Your goal: Copy the records below exactly, starting at the line that contains "Grönsaksmarknad i Ljubljana" and ending at the line that contains "Moebius Models 1/25"; leave out any pictures.

Data for this task:
*** Begin section ***

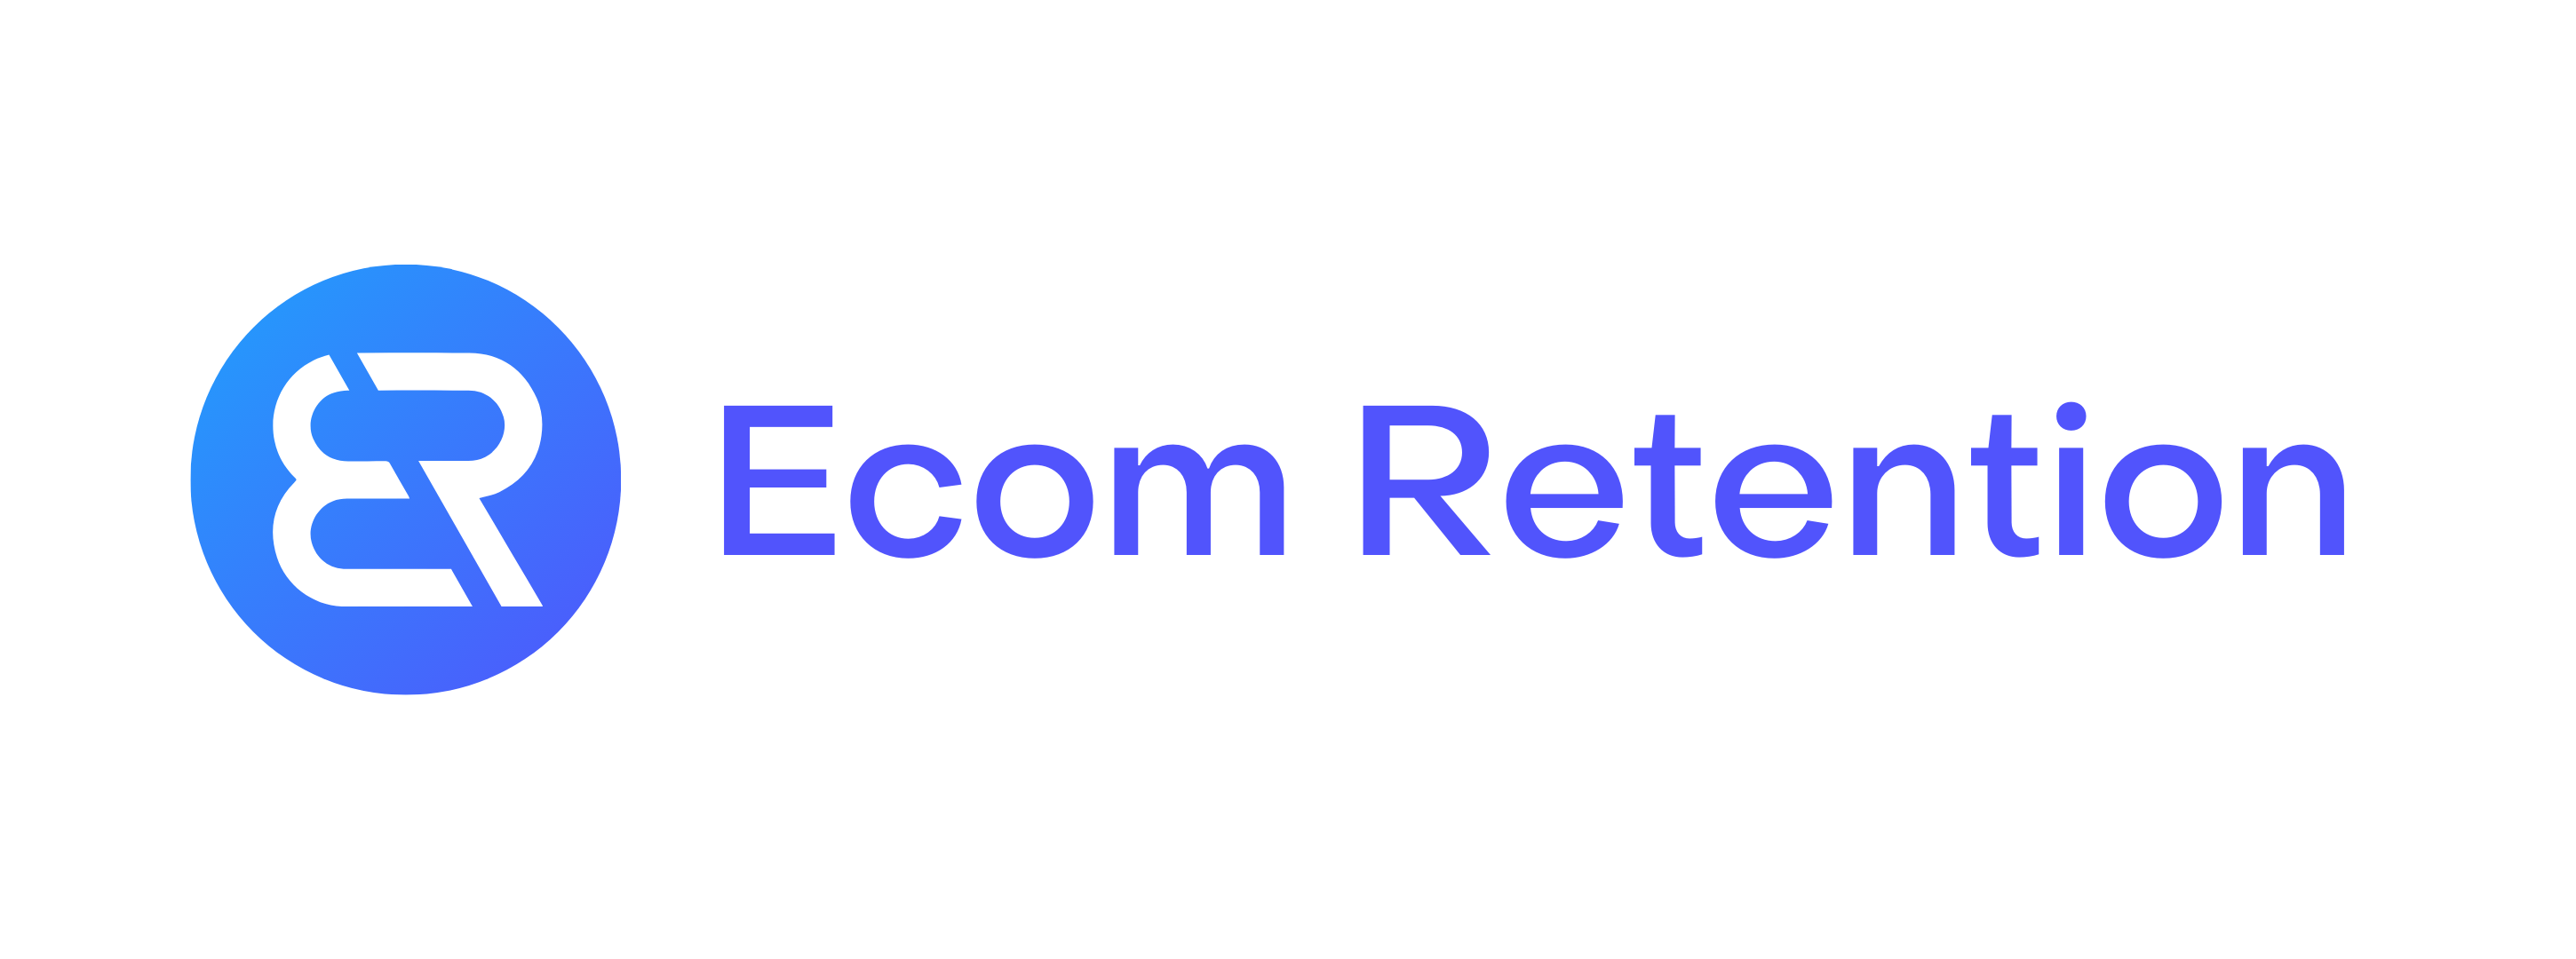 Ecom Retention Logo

*** End section ***
*** Begin section ***

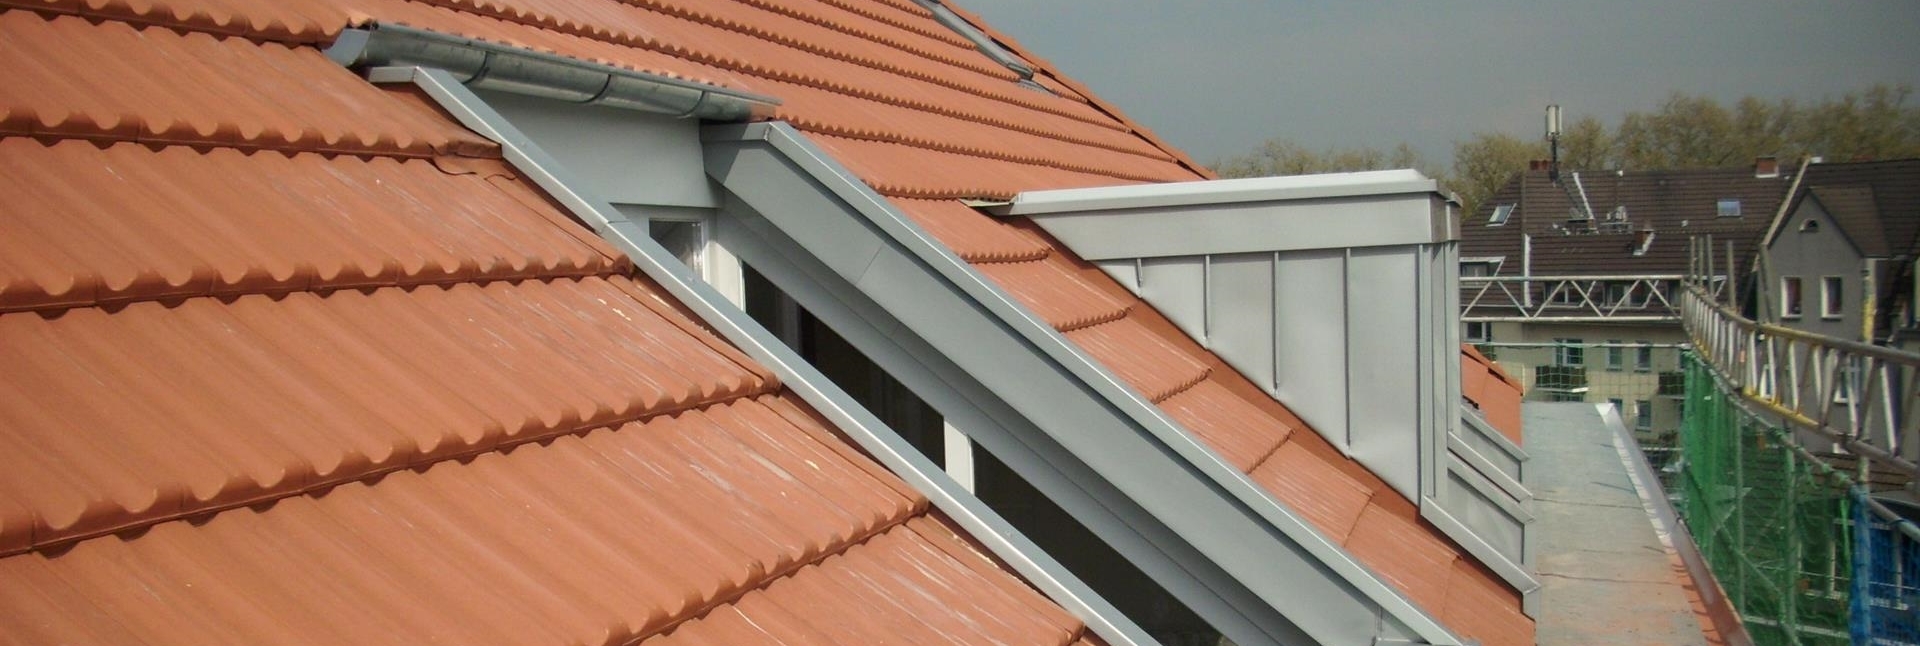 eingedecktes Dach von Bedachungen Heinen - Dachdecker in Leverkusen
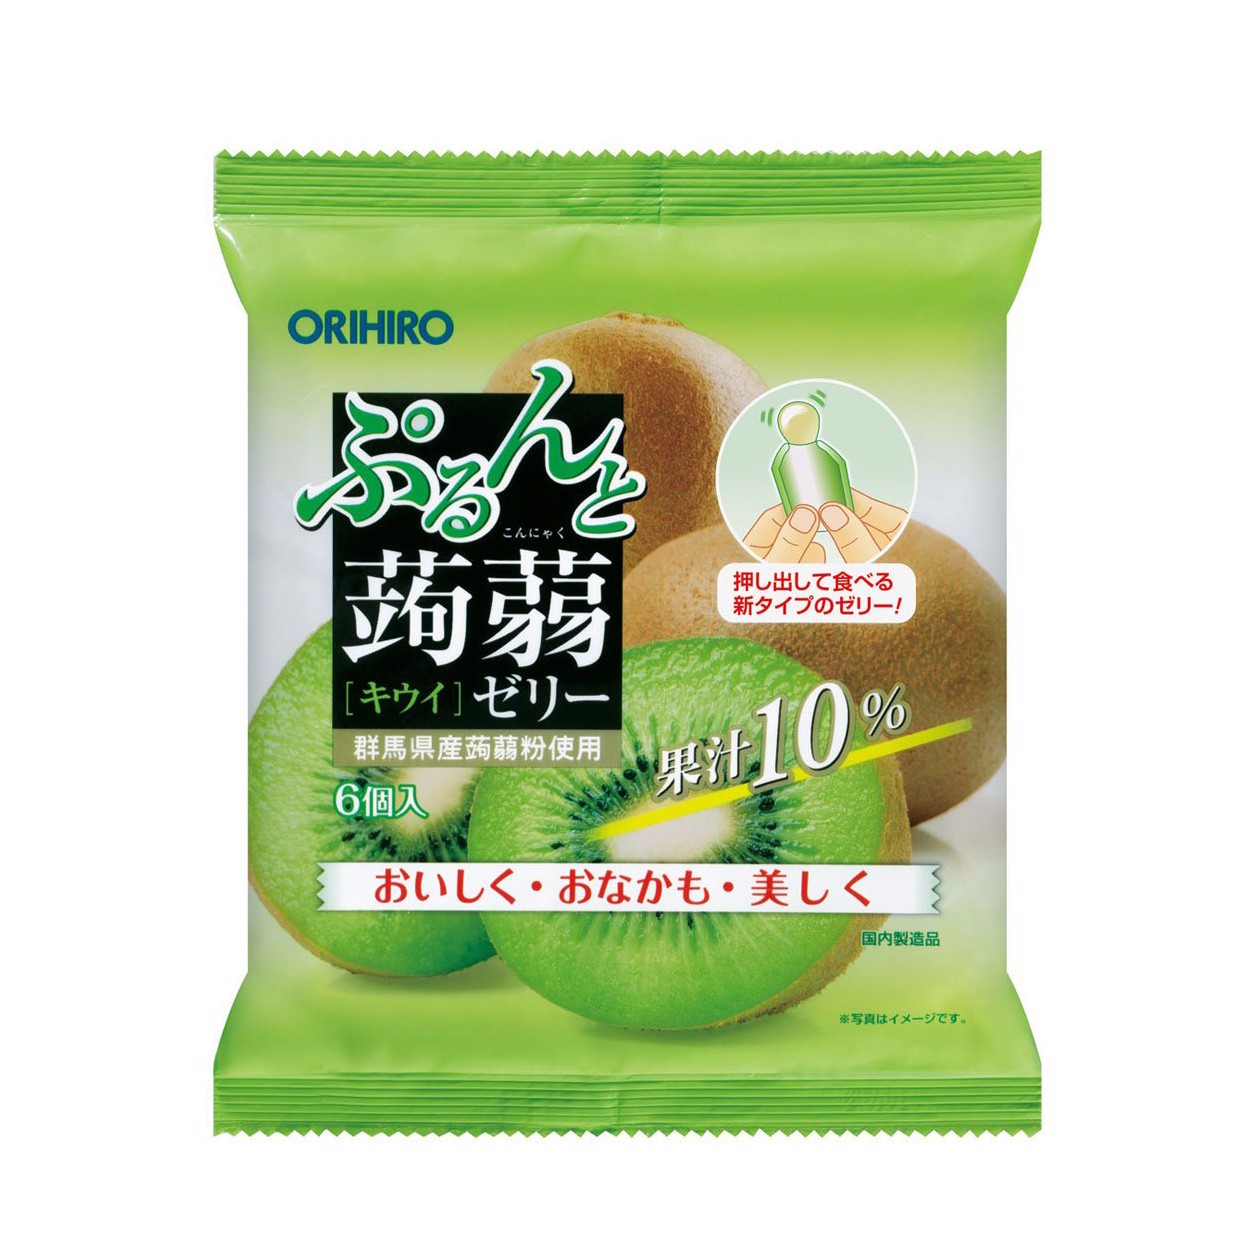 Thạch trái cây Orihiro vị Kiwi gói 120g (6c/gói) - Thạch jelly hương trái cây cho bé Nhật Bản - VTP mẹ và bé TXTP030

*** End section ***
*** Begin section ***

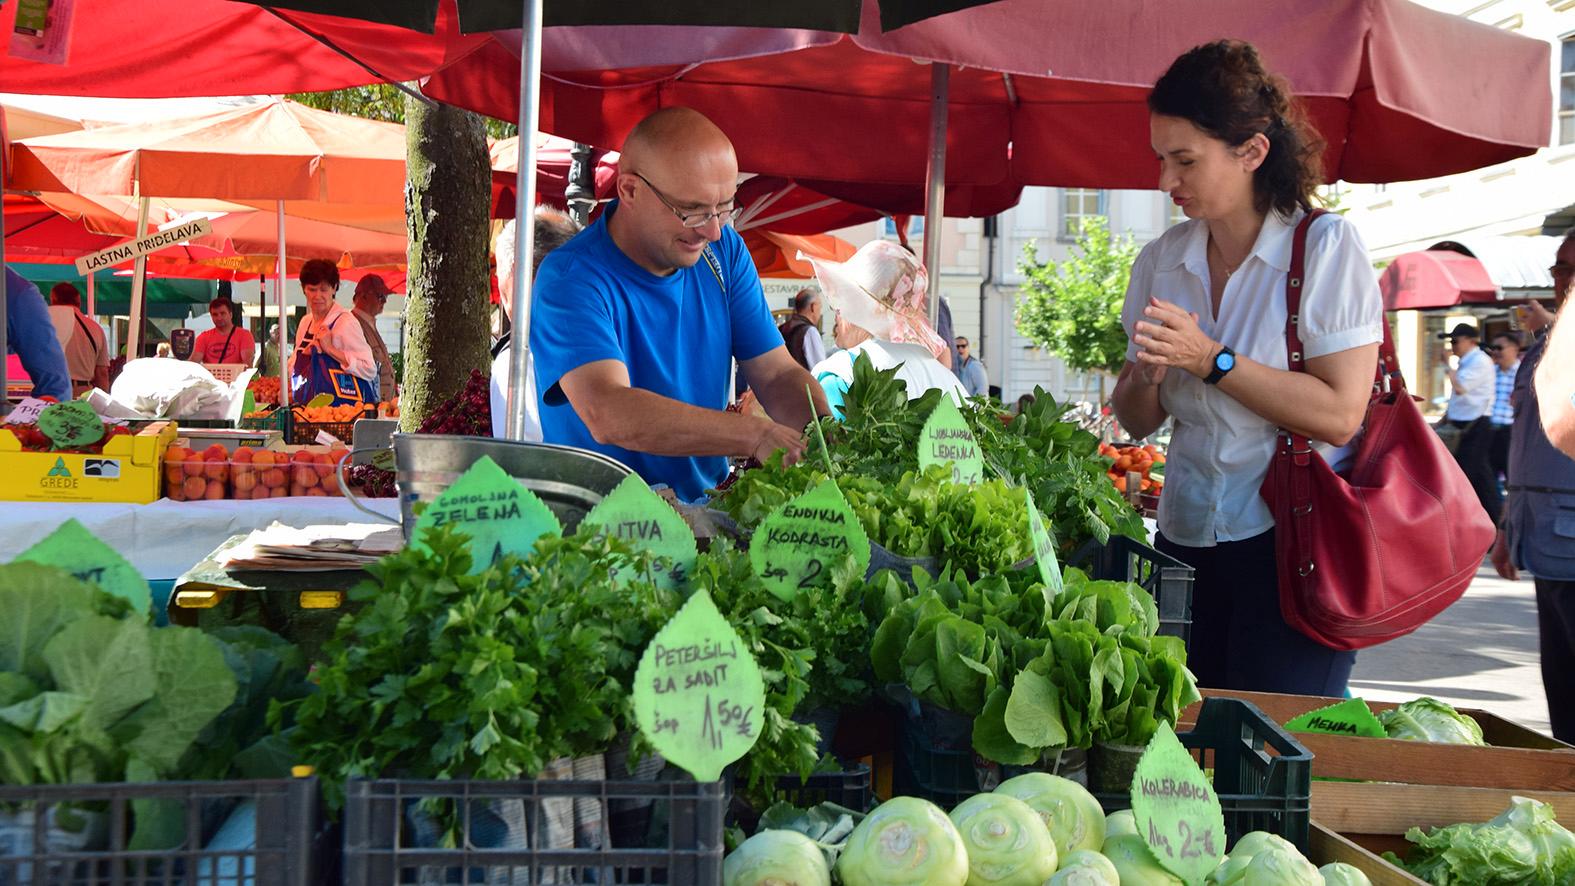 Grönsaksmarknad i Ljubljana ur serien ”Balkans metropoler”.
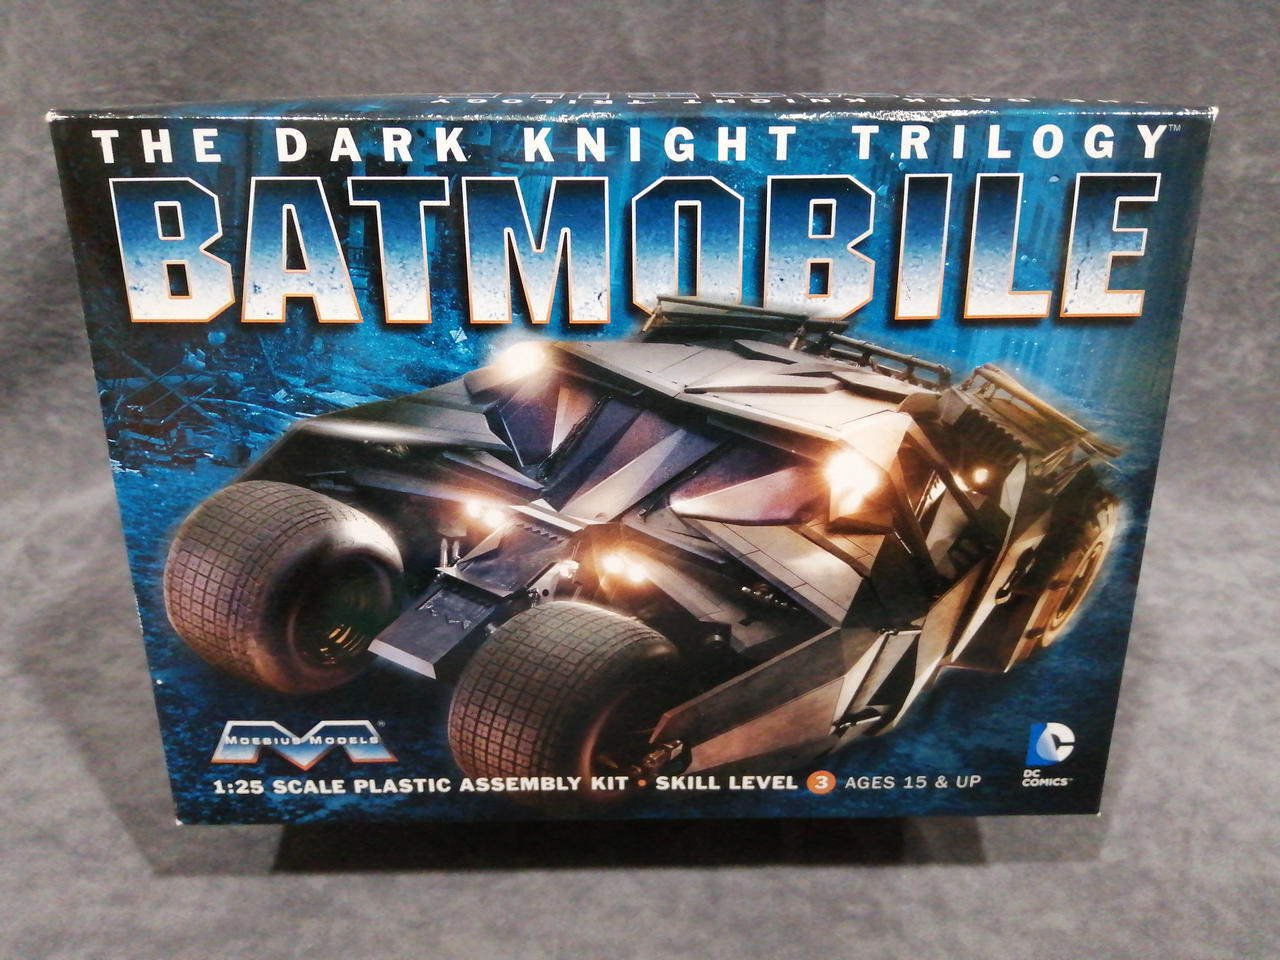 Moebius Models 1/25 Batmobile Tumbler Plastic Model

*** End section ***

Output for this exercise:
 Grönsaksmarknad i Ljubljana ur serien ”Balkans metropoler”.
 Moebius Models 1/25 Batmobile Tumbler Plastic Model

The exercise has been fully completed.